Washtub Gold

Washtub Gold
240 Pages
A.W.O.L. Enterprises
ISBN 978-1-57833-685-2

In 1952, newly commissioned Lieutenant BEN HUNNICUTT is diverted from assignment to Korea and sent to the Territory of Alaska to help recruit, organize, and equip potential 'Stay-Behind' agents to be activated if Russia occupies the Territory. On completion of his mission, code named 'Operation Washtub', Ben continues on to the war in Korea. He vows to someday return to Alaska, a land he has learned to love.

Fifteen years later, Ben returns to the new state of Alaska as a freshly retired Major. Attempting to locate some of his old friends and recruits from the now terminated Operation Washtub, he finds that a suspicious number have disappeared or died in odd accidents. The caches of raw gold with which they were provided as pay, and to finance their spying activities, have vanished. Since Washtub has been long shut down, he solicits the Anchorage office of the FBI to help locate former agents so he can investigate further.

He is paired with FBI agent Elise Nichole, one of the few female agents in the Bureau at that time, and one whose struggle for equality has led to an instinctive distrust of men. Ben, a lifetime bachelor, is instantly smitten by Liz, the lovely but unapproachable agent. Their strained relationship varies from luke-warm to cold as they work their way through the puzzles of the case. The hunt takes Ben onto the Kenai, through Cooper Landing, Seward, and into the abandoned World War Two fortifications along Resurrection Bay.

The final confrontation involves a trip by Ben and Liz to the odd, isolated town of Whittier, via the Alaska Railroad.

Don Neal

About Don Neal (Anchorage, Alaska Author)

Don Neal

Don Neal, author of the Ben Hunnicutt novels, is a retired soldier.

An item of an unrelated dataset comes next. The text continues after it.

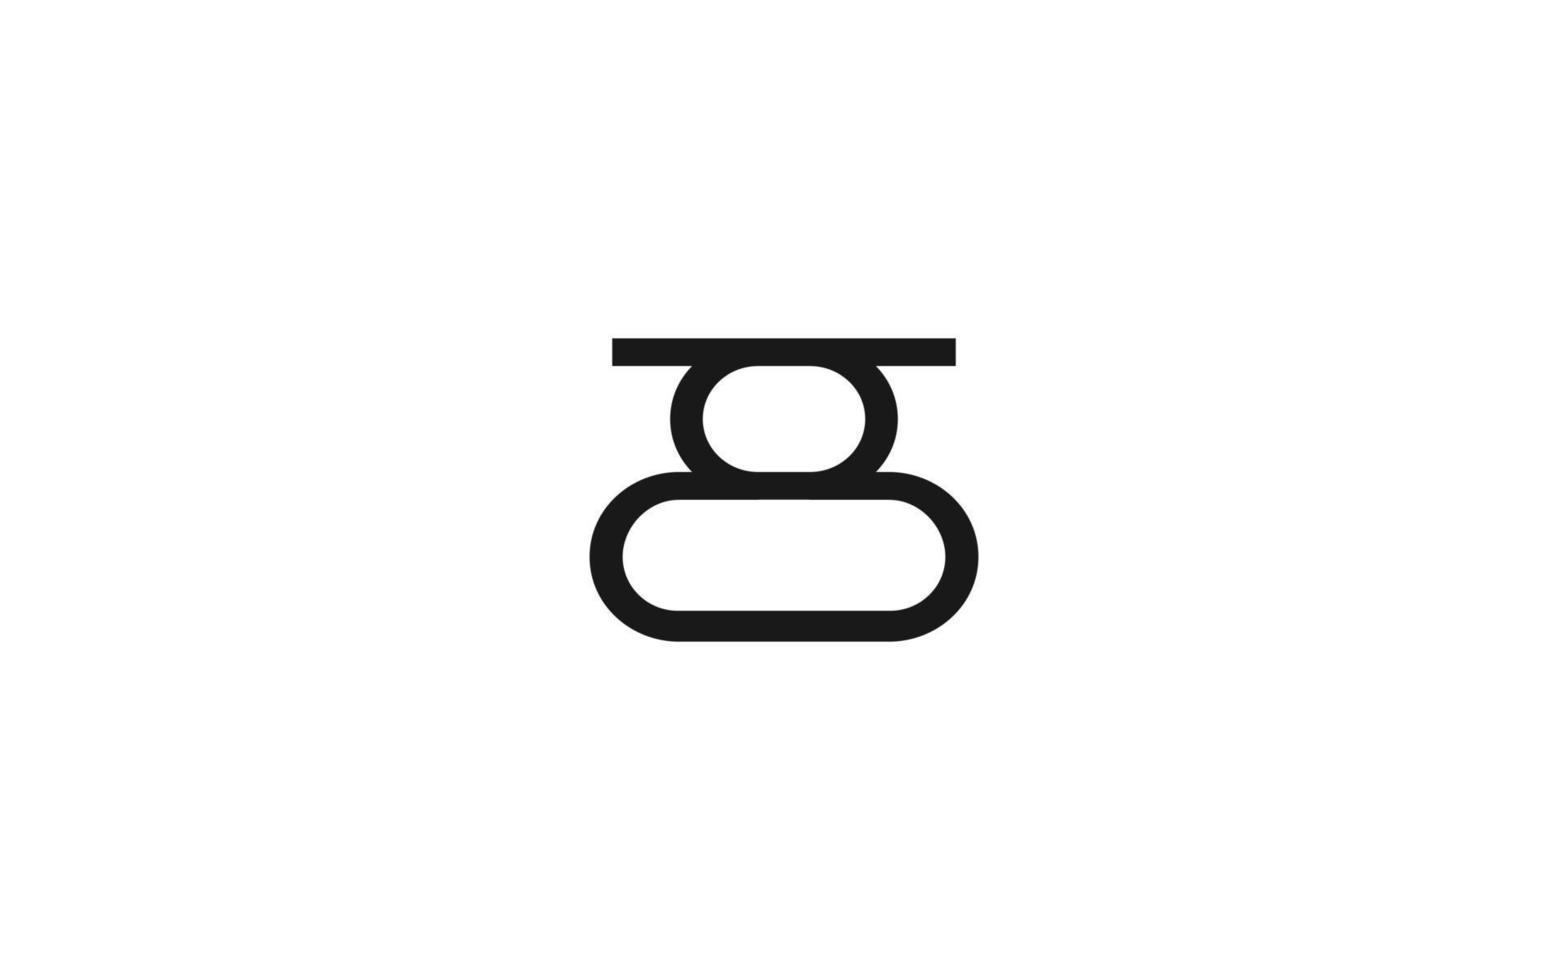 abstract symbool logo voor branding bedrijf. concept sjabloon vector illustratie voor uw merk.
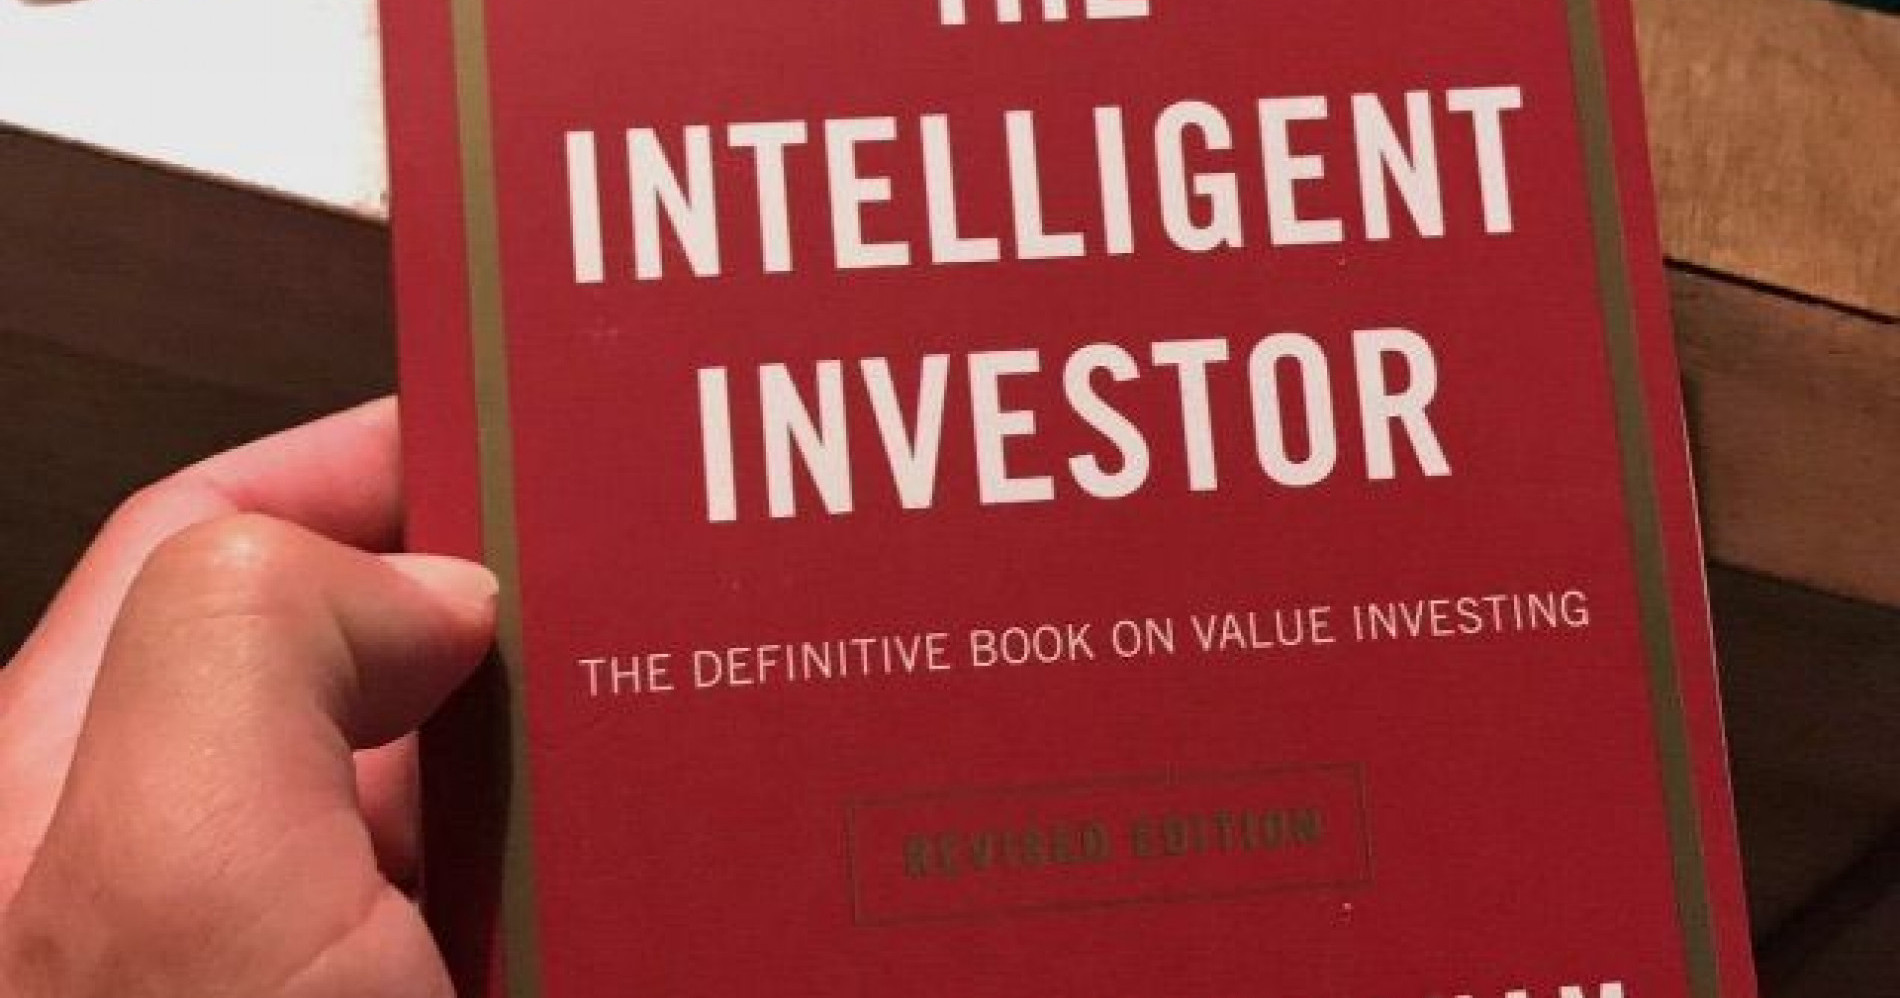 Buku The Intelligent Investor mengajarkan cara bijak berinvestasi (Sumber Gambar: Pinterest)

Reared in Suffolk and in Surry County, in southern Virginia, he dropped out of the College of William & Mary and enlisted in the Army after the Chinese entered the Korean War in 1950.

His 28 years of service encompassed nearly the entire Cold War, taking him to Japan, Germany, Korea, and Alaska. He has served in the Infantry, Field Artillery, Armor, and Air Defense branches. From 1968 through 1978, he worked with the Nike Missile units shielding Anchorage and Fairbanks from Soviet bomber attack.

He and his family have lived in Alaska for nearly fifty years. His hobbies include military history and the study of antique and historical firearms, with an occasional foray into drag racing. His novels first reflect Alaska as a Territory, then as a new state, before the discovery of oil and the building of the trans-Alaska pipeline.